This and that for your Tuesday reading.
- Jared Yates Sexton writes about the Trump administration's attacks on reality and truth. Marisa Kabas laments the fact that the U.S. is deteriorating faster and in more ways than it's realistically possible to track even absent the harm being done to its information environment. And about the best available reason for hope is to note, as Agent Nkrumah does, that the Trump Republicans are running scared.
- Scott Galloway writes about the rise of violence entrepreneurs as part of the MAGA propaganda machine. And Olufemi Taiwo discusses the need for shame as part of any functional social system - even as the Trump regime looks to purge anything of the sort (with far too much assistance from the corporate media).
- Susan Delacourt reports on new polling showing that Canadians quite rightly don't see any point in negotiating a trade agreement with a regime which can't be trusted to honour it.
- Erin Sikorsky discusses how the U.S.' war on climate action will leave it at a disadvantage as the global economy shifts toward clean energy. David Wallace-Wells offers a reminder that attacks on climate policy have had harmful effects around the globe.
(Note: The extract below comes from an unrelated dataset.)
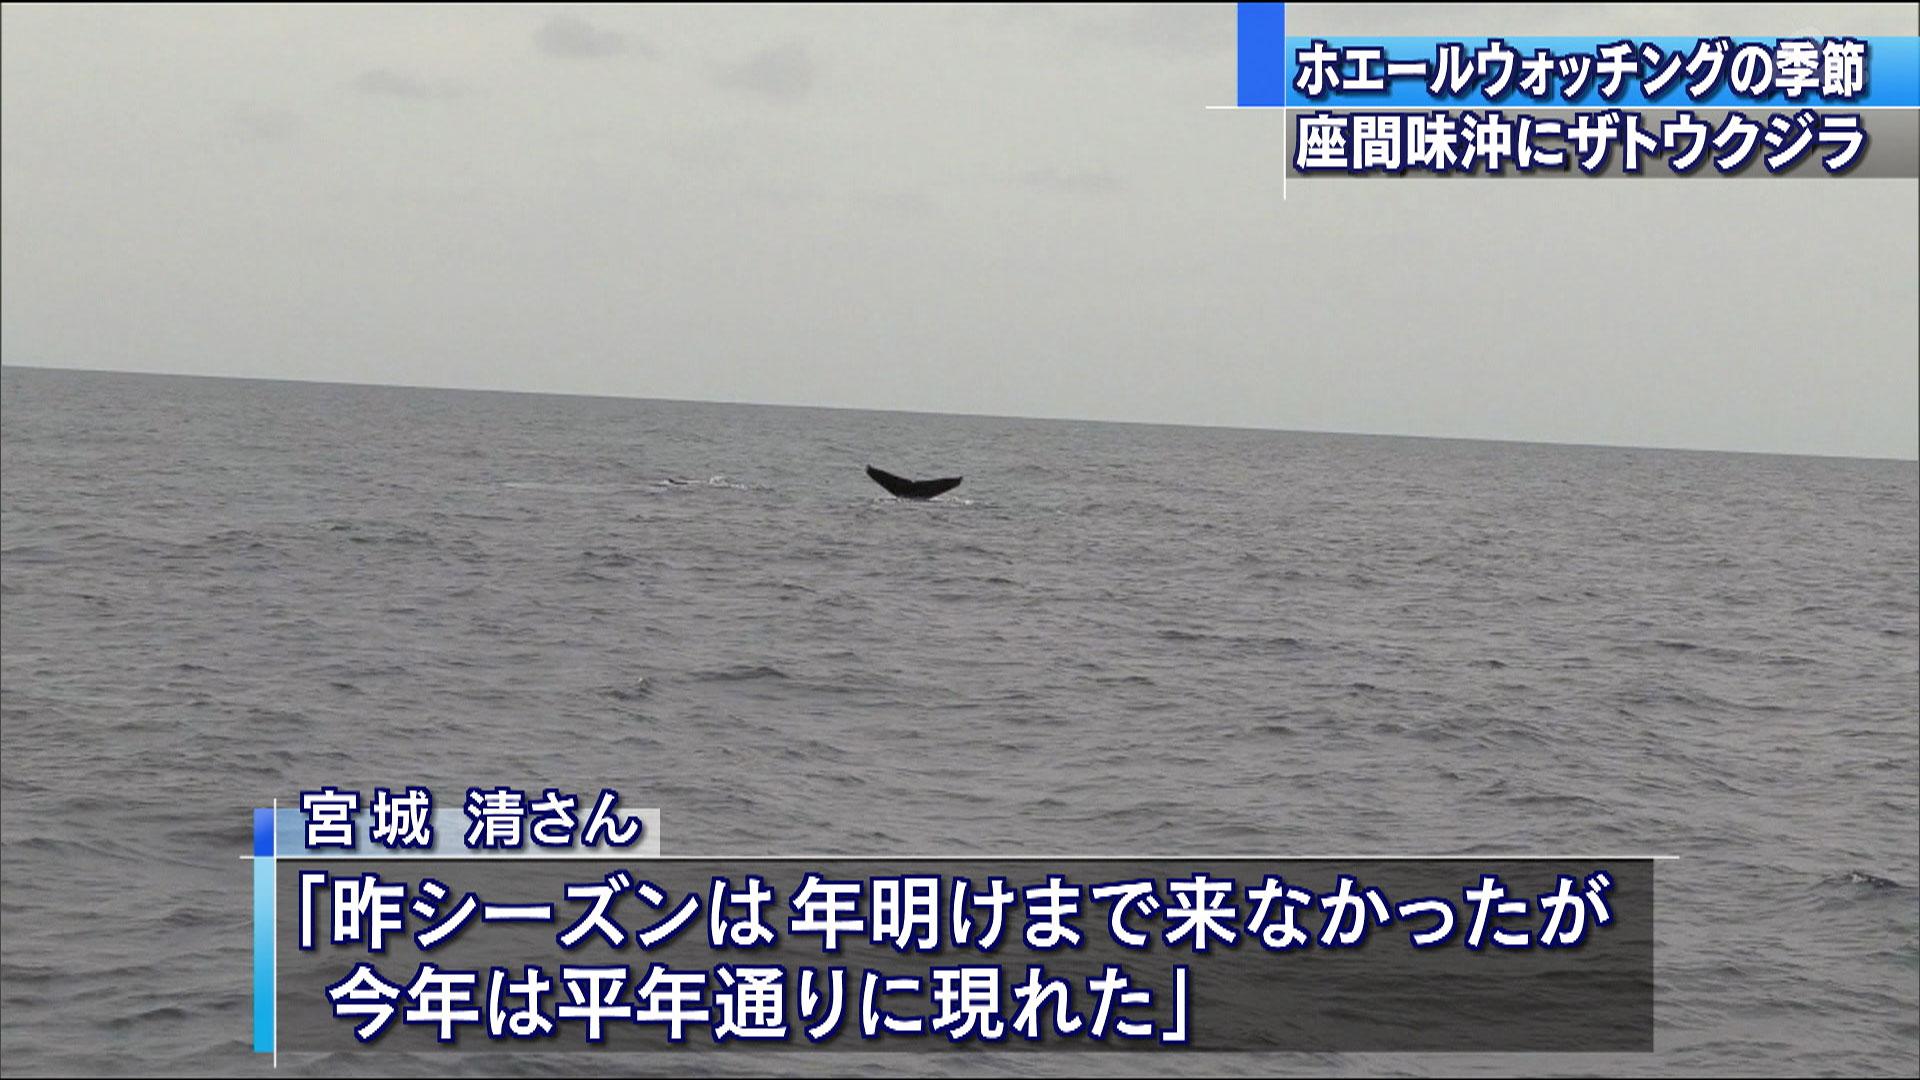 座間味沖でザトウクジラ2頭を確認

And John Woodside reports that environmental groups are being shut out of any direct interaction with a Carney government which is only interested in catering to CEOs.
- Andrew Nikiforuk notes that spin about nuclear power serves mostly to delay a clean energy transition (and commit massive amounts of money to an inefficient, non-renewable energy source). And Adam Thorn writes about the importance of using public policy to foster a move toward electric vehicles.
- Finally, Ryan Cooper reports on the success of Greenland's state companies in both providing employment and generating public returns as an example for other jurisdictions to follow.